The way to love someone
is to lightly run your finger over that person's soul
until you find a crack,
and then gently pour your love into that crack.
~Keith Miller

Monday, May 5, 2014

One of the things I was compelled to think about as I sat with my mother was "how we see ourselves" and with that, maybe a little bit about "why we see ourselves thus".

I've been doing a little bit of reading up on that and it is an interesting and complicated dynamic which combines our interpretation of past events ... ummm, how and where we place/ascribe  value, what we believe about ourselves from words we tell ourselves or accept from other people ... what we do, like our days work and how well we think we do it ... how we treat the people and things around us, including close connections and those more casual, our outlook on our future ... our perspective ...

(... tons of other stuff ... unique ingredients which infuse us ... some we seek, others essentially in the air we breathe ... time to reflect, the times in which we live our lives ... place (I actually "feel" better in Texas ...who knows?  could be something as simple as the wide open big sky ... might be the smell of beef brisket wafting on the breeze rather then pine pollen which is currently simmering locally ... I have underrated the sense of place and for me, it's not just Texas, but Texas definitely is a good place for me), a myriad of other bits and pieces of chance and circumstance ... tons of stuff ... )

It was interesting to find myself in a situation which I would never have chosen; living again with my mother. Some of the time she thought I was a roommate, sometimes, mostly at night, she thought I must be her momma, we came to a time when she mostly didn't know who I was but she felt like I was there to help her, frequently she seemed to not experience me as "other then herself". 

Which I'll try to explain: She would talk as though talking to herself ... wondering aloud about something and I would softly suggest a possibility in response to her puzzling ... she saw things  ... "why is that dog under the table?" she might ask as though asking herself and when she became vexed at not coming to a satisfactory answer I might say something like "he just likes to be near you" and she would smile to herself ... later maybe she would say, that dog (or those children) are getting too rambunctious, and I would say then I'll let them out, and I'd open the door to the patio.

Every once in a while she clicked in on the current situation, she knew I was her daughter and she liked that I was there though she never realized that I had been there for several weeks previous to that lucid moment.  

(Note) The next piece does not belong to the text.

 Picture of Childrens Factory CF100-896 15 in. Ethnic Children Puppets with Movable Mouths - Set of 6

"Serving" in many different roles was interesting ... she always saw me as present only for her comfort/convenience/care ... except that once when she said thank you for looking after me, I know it has not been easy ... and thank your family for making it possible (that was why it came as such a surprise, she had been only entitled, as an infant is entitled ... ) Her world was very small, so small that it centered on her, that is my unfortunate take on it anyway. People saw her as ... controlling, bossy, bullying ... unhappy, and unable to get happy and, not unkindly, I would have to agree that she did seem to be like that

That's an over a lifetime observation ... not for just those last weeks when health concerns outside her control may have impeded a more contented disposition. 

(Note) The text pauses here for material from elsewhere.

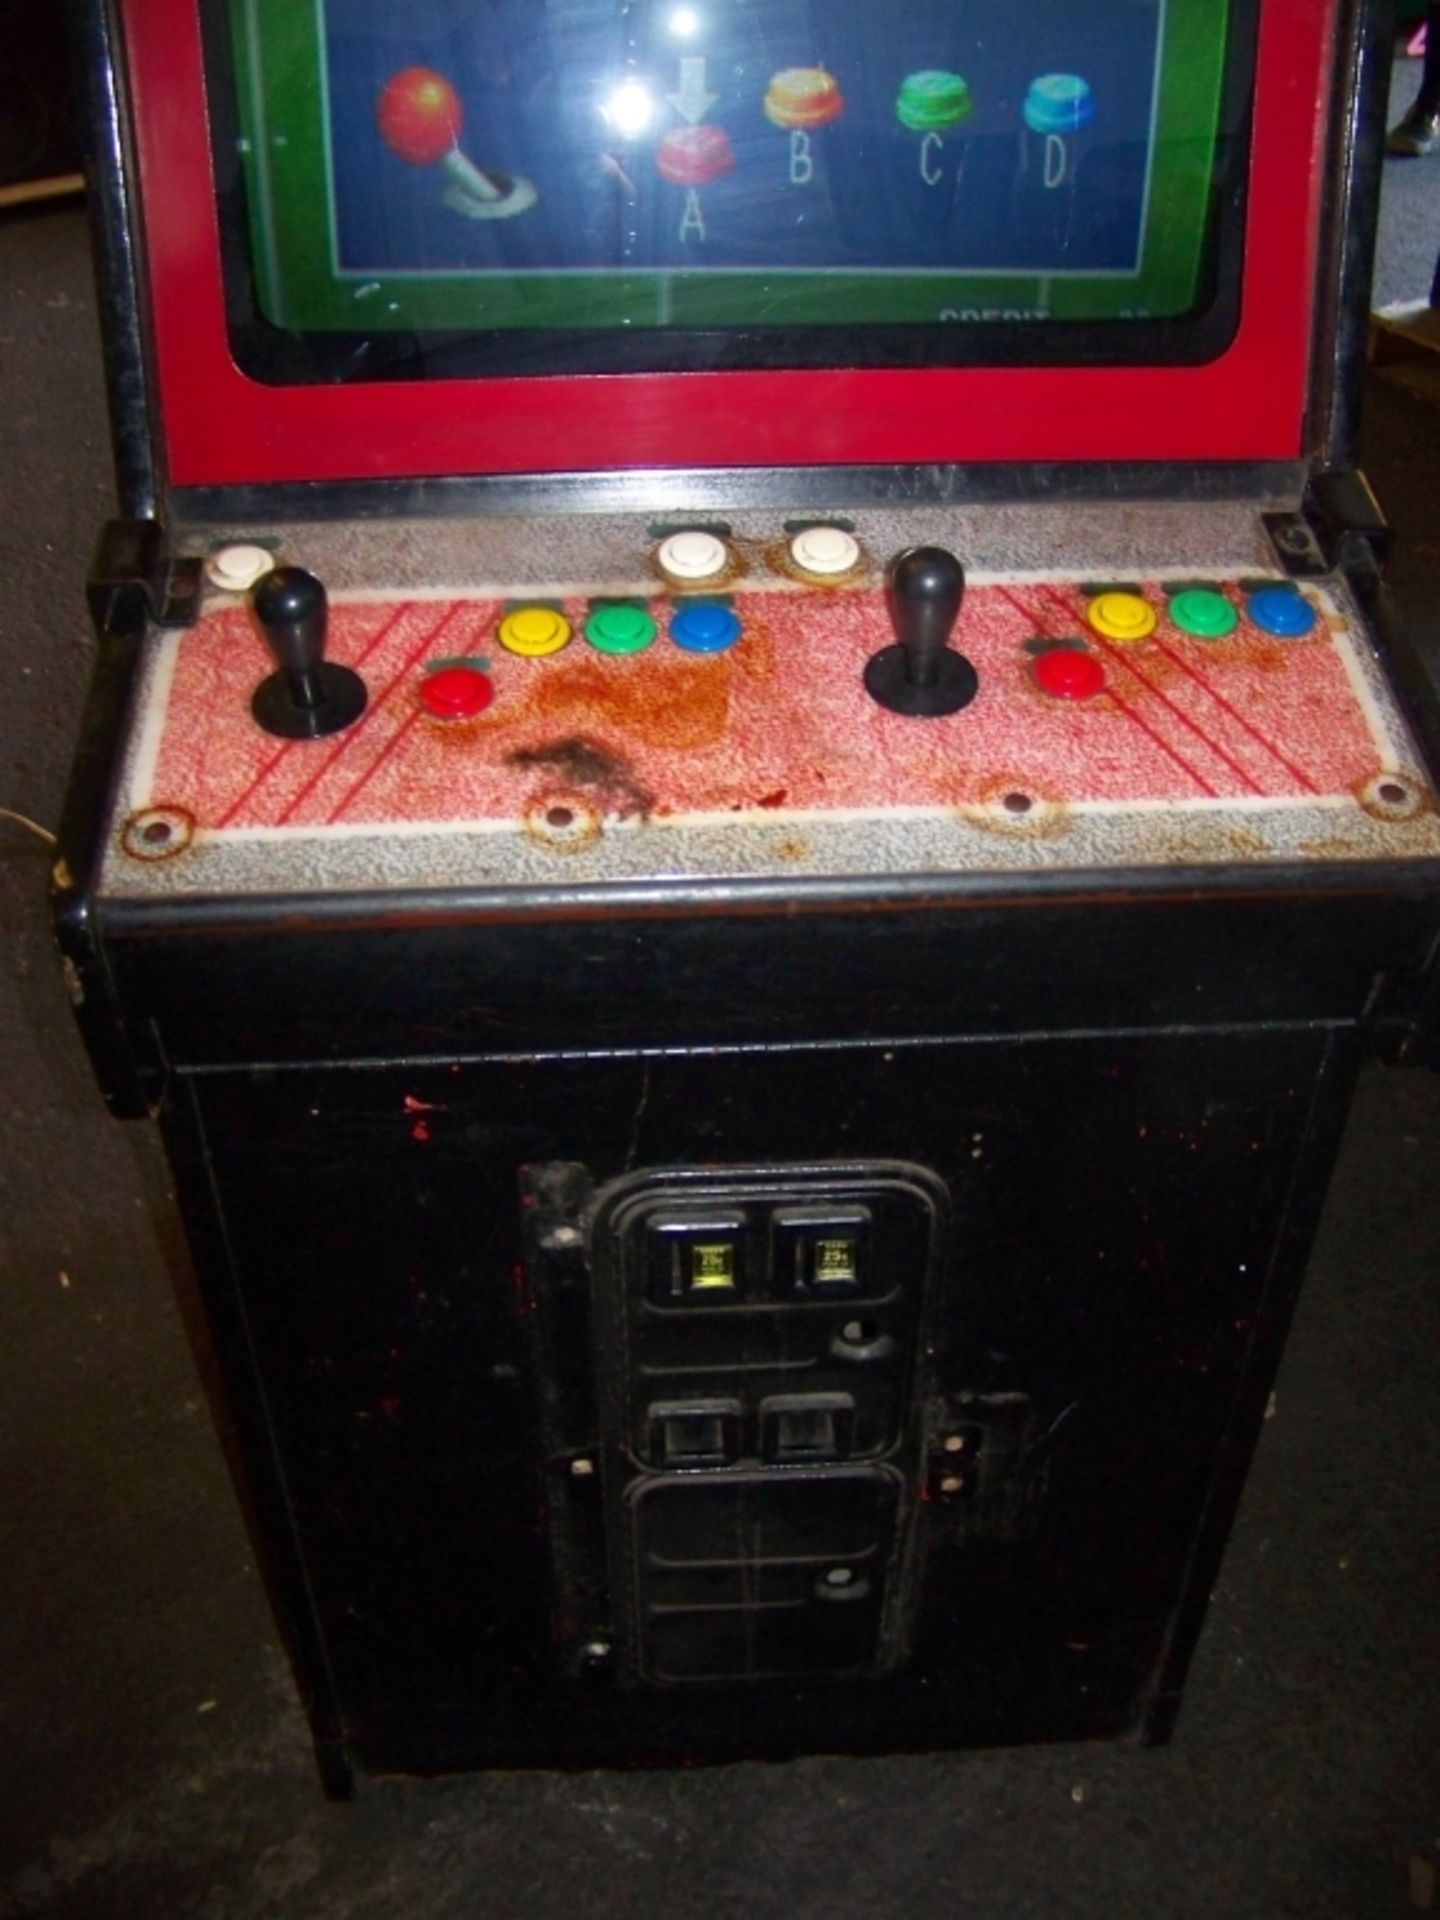 NEO GEO 4 SLOT SNK ARCADE GAME Item is in used condition. Evidence of wear and commercial operation. - Image 4 of 4

One of our most central "issues" could be described as boundary issues and I see that, and the most troubling problems I have come to deal with in life, as a result of being raised by a person with unhealthy boundary perceptions.  I think she must have seen me as very much an extension of herself and she spent a good amount of energy frustrated by her inability to control everything and everyone (me included) ... she was not a go with the flow kinda person. Even during her last week at home she was somehow able to go through my things throwing away things like my flat iron and glasses ... and probably smaller items yet to be found missing ... lol ... why?  She always has done so and I have never understood why.  It used to really ping me ... now I shrug and replace ... it will never make sense to me. 
Once I left home for college (not the one she chose) and especially after I married (again, not the one she chose) she pretty much wrote me off as a lost cause ... people have said that she was strategic in her relationships, umm, the people in her life were required to enhance her experience somehow.  I'm not expressing that very well ... everybody probably prefers pleasant interactions.  I'll try to think about that better.  

I like to think of her as a "survivor" ... her adaptations made sense to her.  I think she wanted what she wanted ... and left to her own devices early on, was misguided.  Maybe the best way to describe our later relationship was ... from her perspective: out of sight mostly out of mind.  From mine - I came to believe that she did her very best at parenting us and I admire the force of love and character one's very best requires.  Once I recognized that it was so much easier to not strive with her ... and from a distance it was almost impossible for her to push my buttons.  I made it my goal to do my very best with her.

I think my mom saw herself as "in control" or at very least as attempting to "get control".  I didn't want to make the same mistakes (so I have made different ones).  It was wonderful to participate with her during her last few days.  It'll take a different post to write about that but I had to think a bit about how to note the before version of Momma.  What I saw "dying" was the "icky stuff" ... the stuff that she/life wrapped herself up in ... the self stuff, the selfish stuff.  As her "earth suit" died she transformed right before my incredulous eyes.